### Activity
A verbatim copy of the data is wanted, minus any picture in it.

### Supplied material
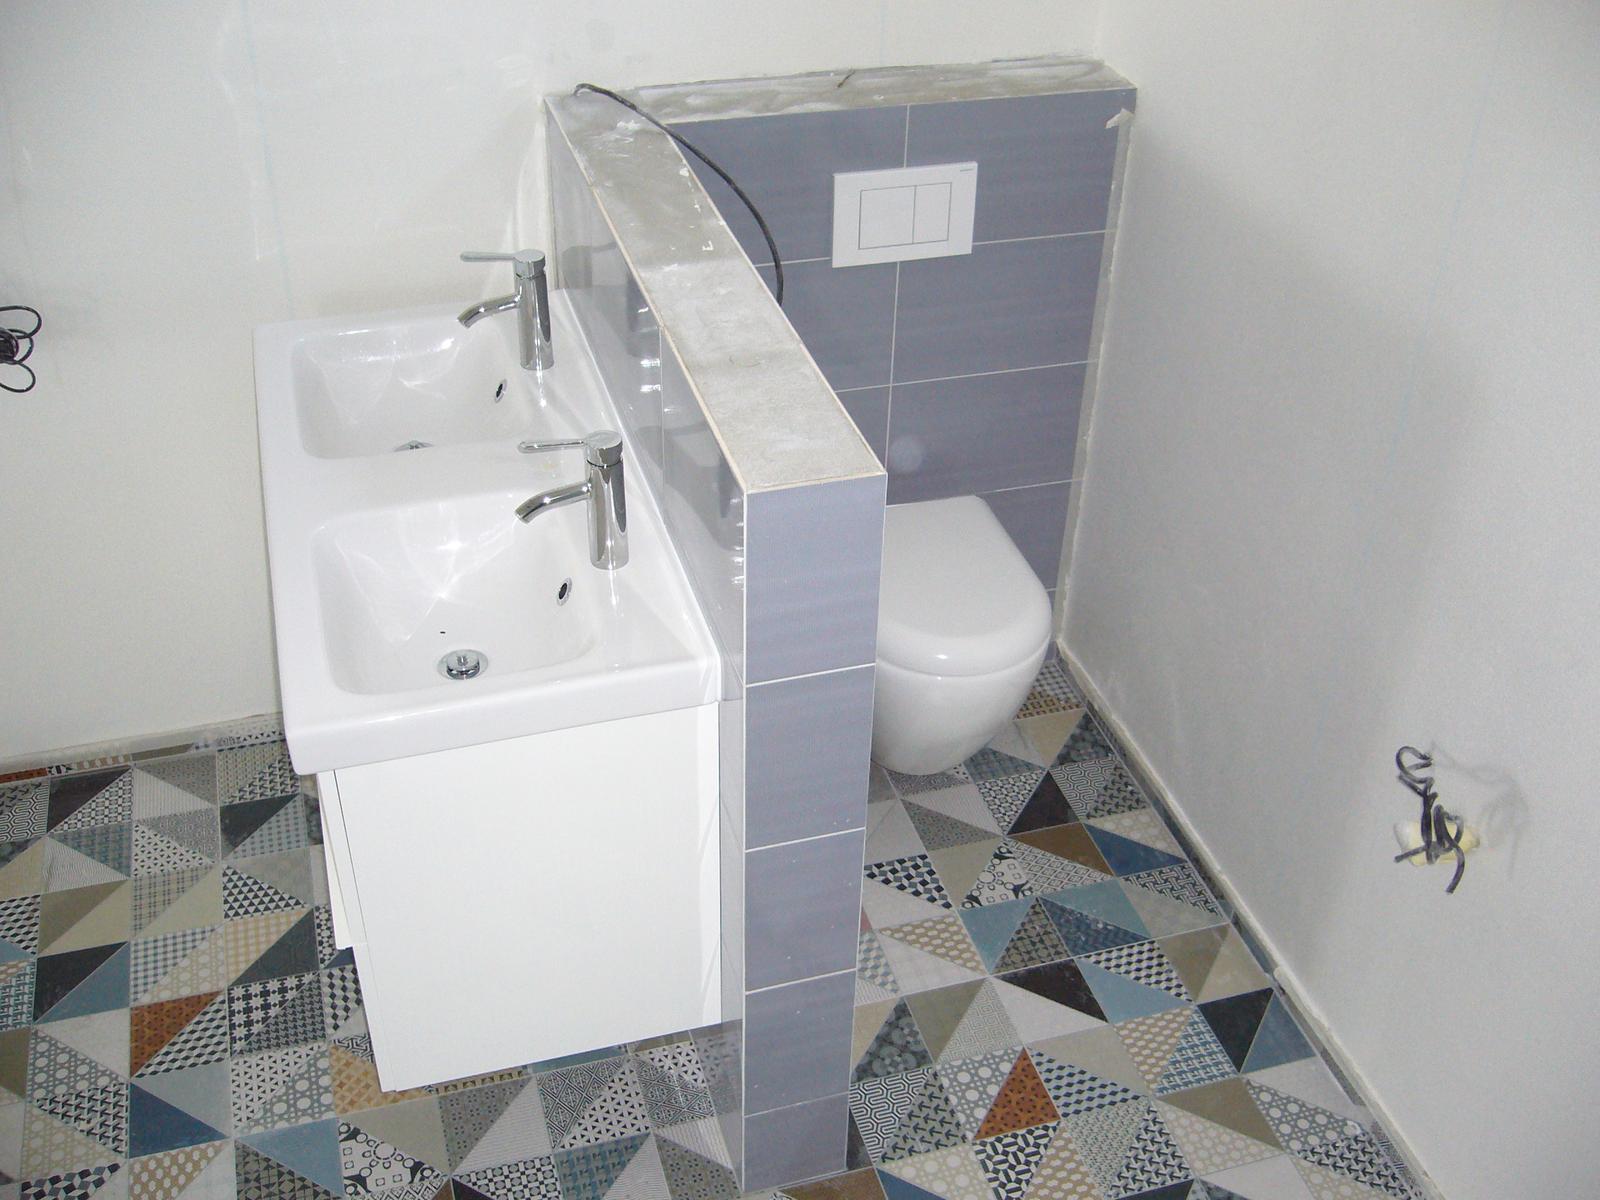 Byt BA - Dlhé Diely - Kúpeľňa 1
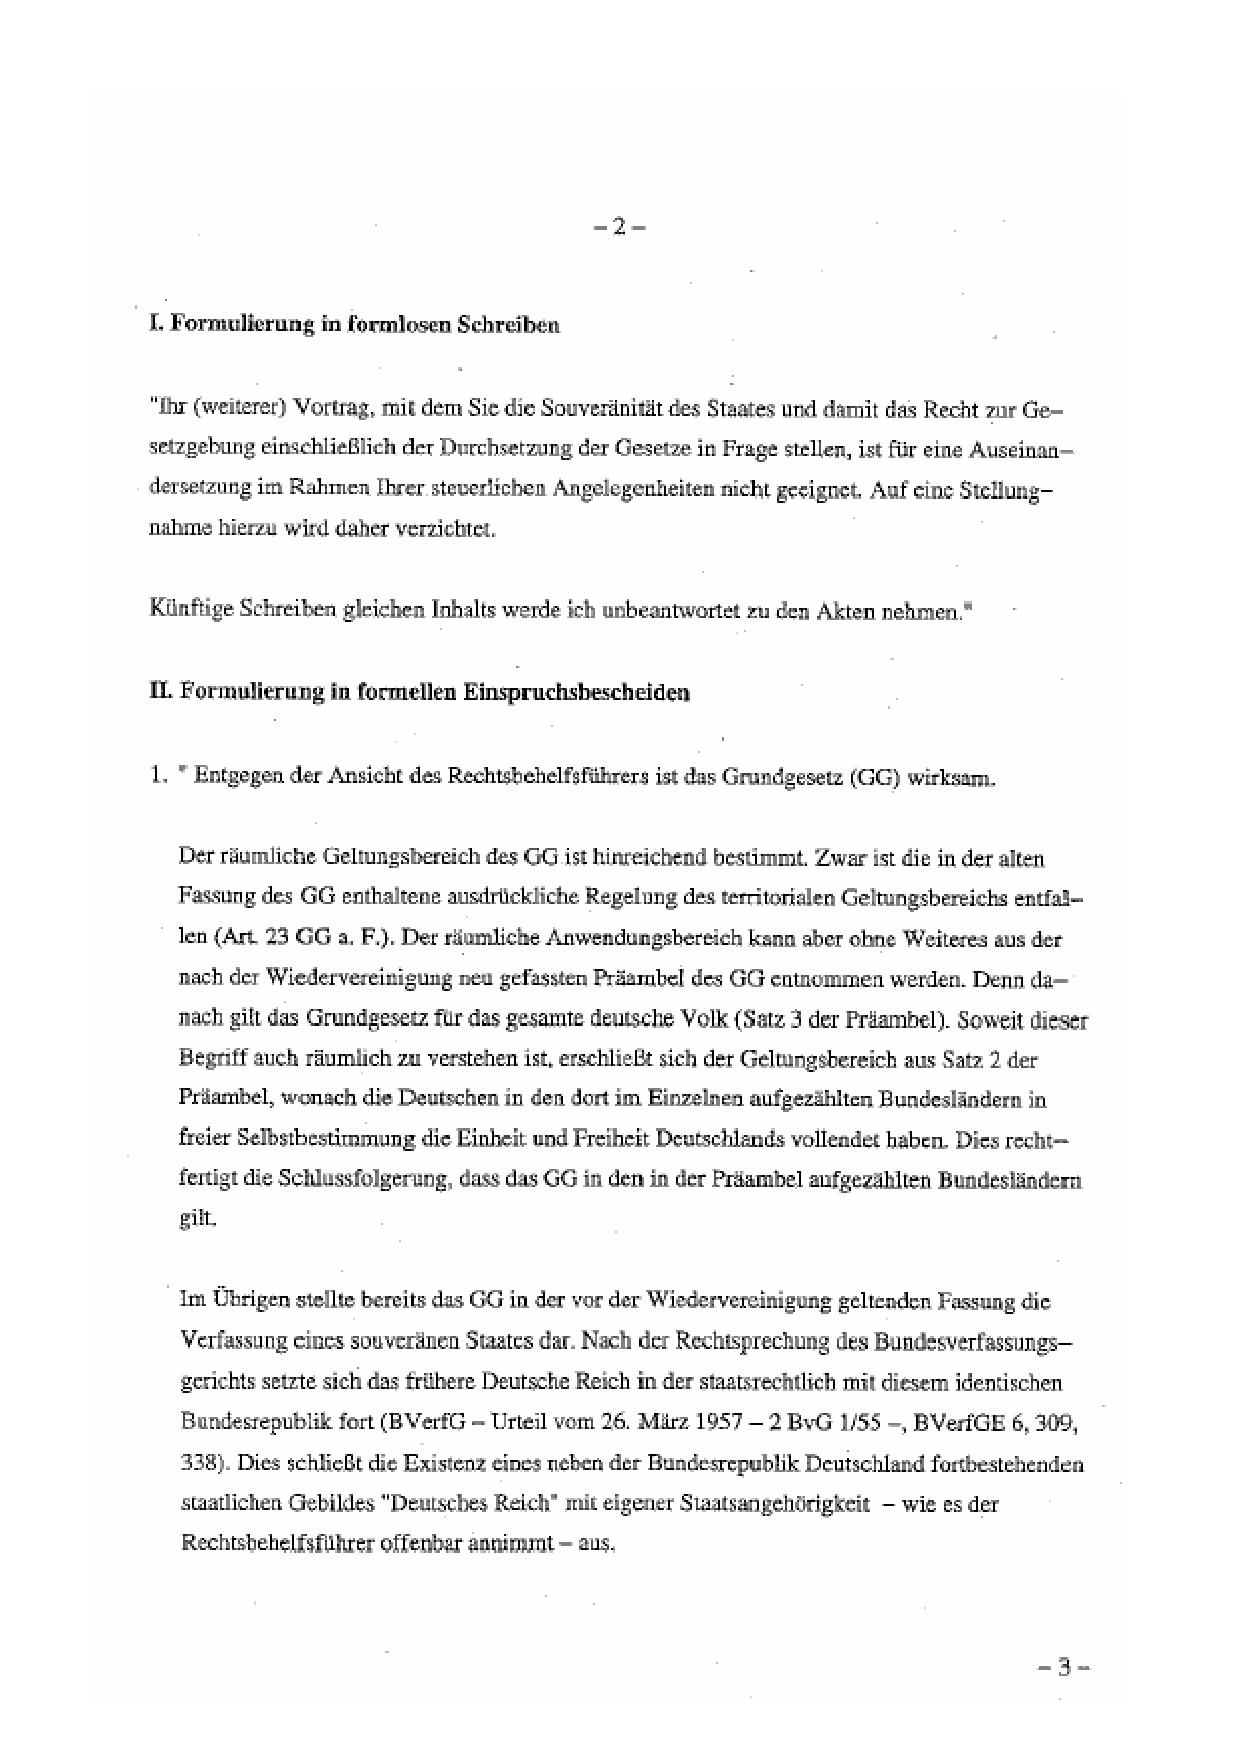 steuerpflicht-in-der-brd-von-harald-beck-021
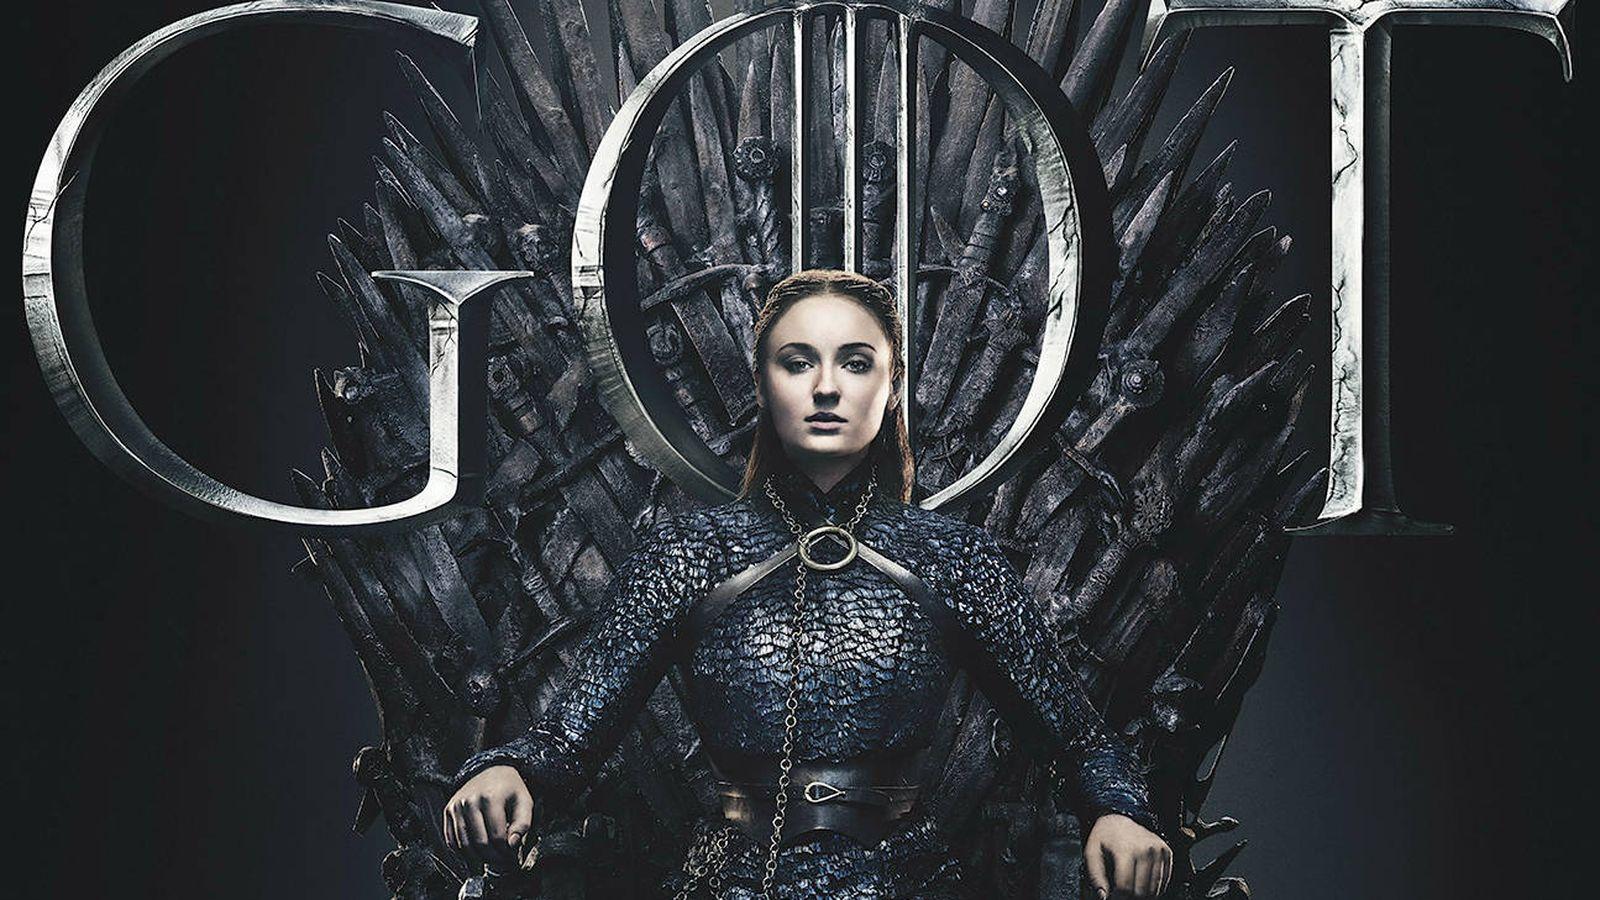 Foto: Sansa Stark en el Trono de Hierro. (HBO)

### Response box
 Byt BA - Dlhé Diely - Kúpeľňa 1
 steuerpflicht-in-der-brd-von-harald-beck-021
 Foto: Sansa Stark en el Trono de Hierro. (HBO)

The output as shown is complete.